The following is an example of the value of mortgage protection insurance in practice:
Without mortgage protection insurance
Steven and Maria worked hard for twenty years to be able to fulfil their dream of owning a detached property on the coast of rural Ireland where they can bring raise their two daughters in a friendly and peaceful location.
To purchase their dream home they required the help of a high street mortgage provider, and borrowed 80 per cent of the home’s value. Although they knew their finances would be tight for the next couple of years, both Steven and Maria were in stable jobs where they were highly valued by their employers, which provided them with a good degree of security.
Steve and Maria were offered mortgage protection by their mortgage providers which they turned down. They decided to compare the mortgage protection rates they were offered by their mortgage provider with the policies they could find online, and despite finding improved rates, they opted not to take out cover.
They lived happily in their new home for three years, before one day, tragedy stuck. Steve was out walking the dog when he was struck by a car that was travelling too quickly through country lanes. He was killed instantly.
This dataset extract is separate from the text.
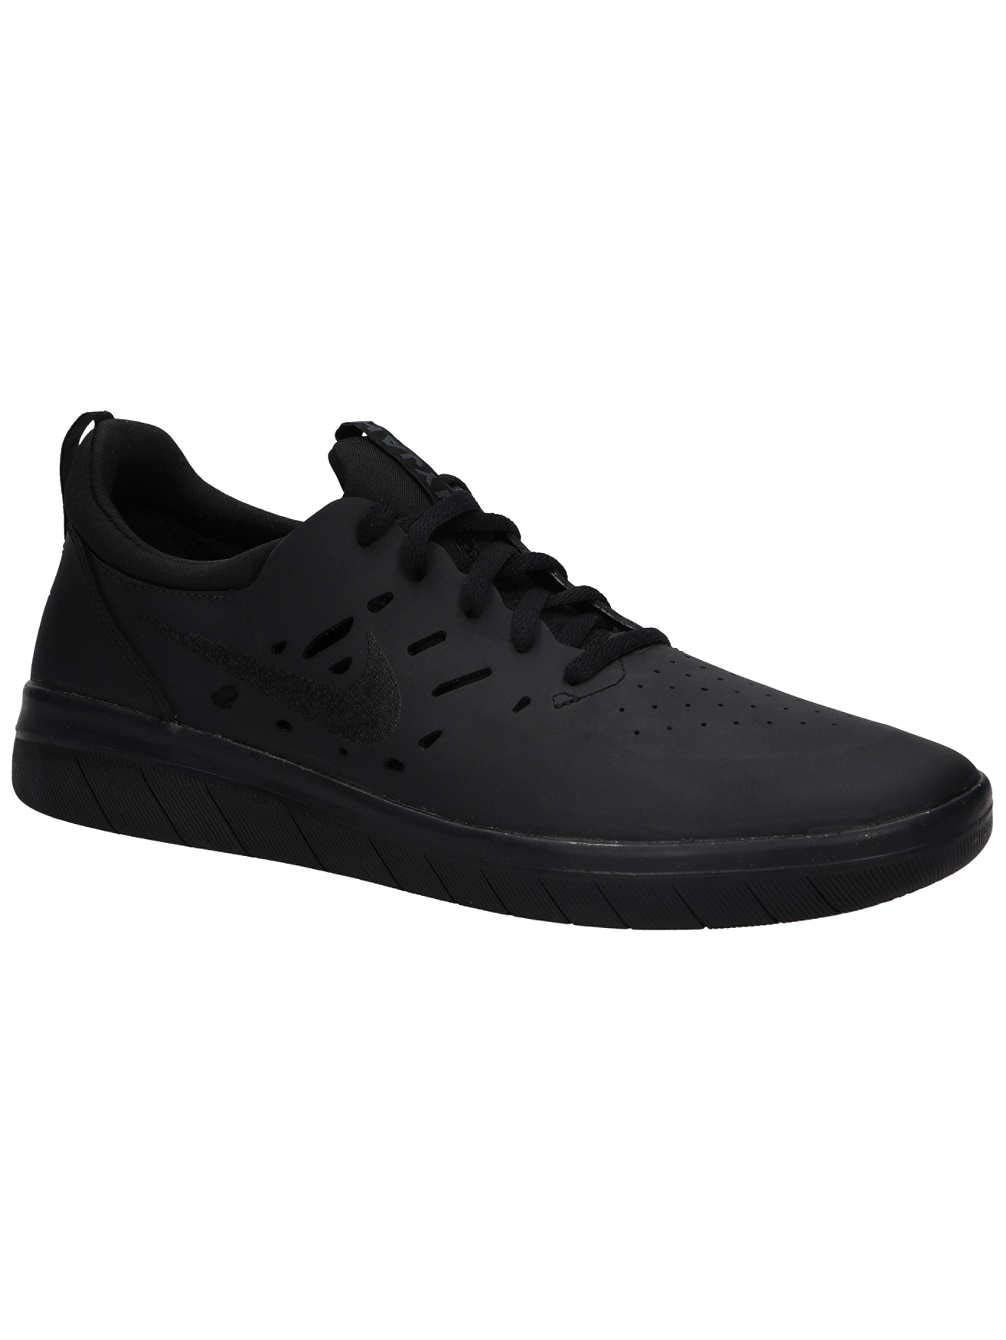 brand new 93ebb f6ffc Galleon - Nike Sb Nyjah Free Mens Aa4272-003 Size 9 Black Black-Black

Maria and the children were inconsolable. They had lost a father and a husband who was in the prime of his life and enjoying the fruits of his labours. For months after his death Steven’s grief stricken family struggled to process their loss.
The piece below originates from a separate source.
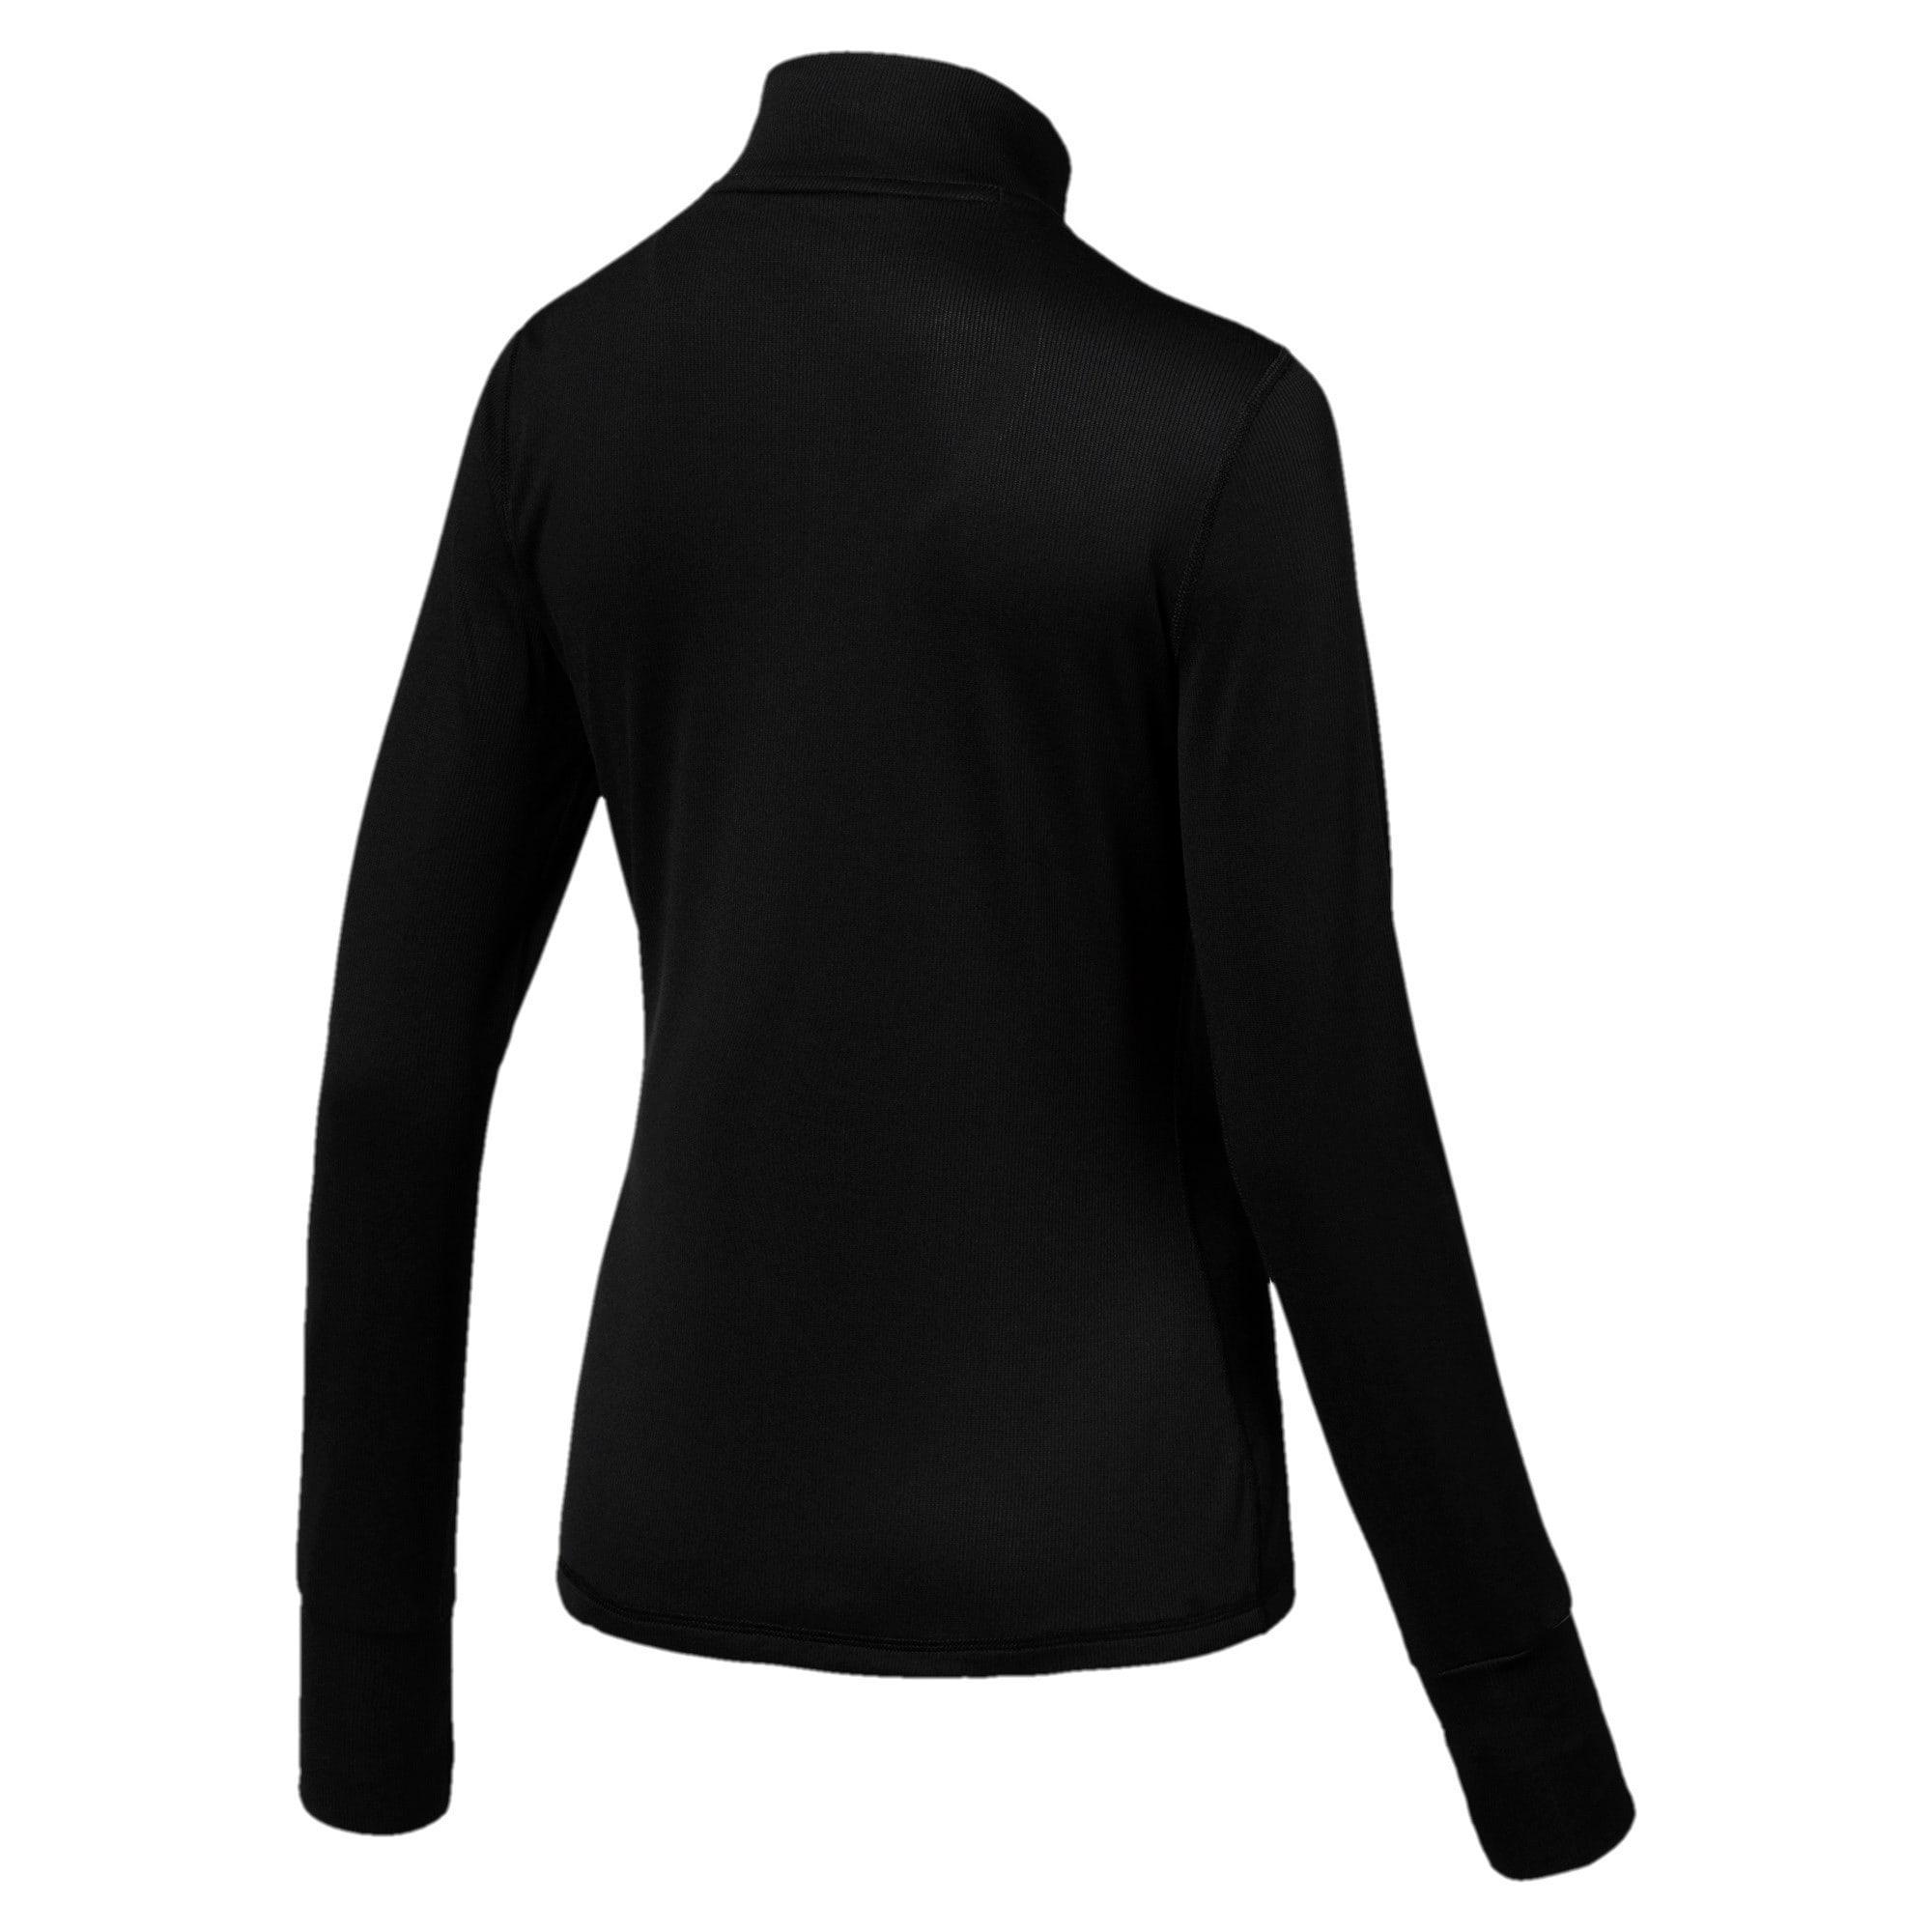 Thumbnail 4 of Ignite Half Zip Women's Running Pullover, Puma Black, medium-IND

It was not until a couple of months later that Maria started to become concerned about the family’s finances. Despite Steven’s absence, the bills needed to be paid, and the mortgage that had been comfortable on both of their salaries, was now more than Maria could manage alone.
Without anyone to help the family out financially, Maria had to face facts: she was going to have to sell the family home she and Steven had loved so dearly. She had fallen into arrears with her mortgage repayments and could no longer make ends meet. Selling the family home broke Maria’s heart.
With mortgage protection insurance
Having researched online, Steven and Maria found a competitively priced decreasing mortgage protection policy, which pays a benefit that decreases over the term of the cover, in line with the decreasing value of the mortgage.
When the tragic accident occurred, the insurance company paid a cash lump sum which covered the remaining value of the mortgage on the property. Although distraught, at least Maria could focus on trying to come to terms with her loss without having to sell the family home she and Steven had worked so hard for.
Yes, mortgage protection insurance is an additional expense, but is it one you can afford to do without?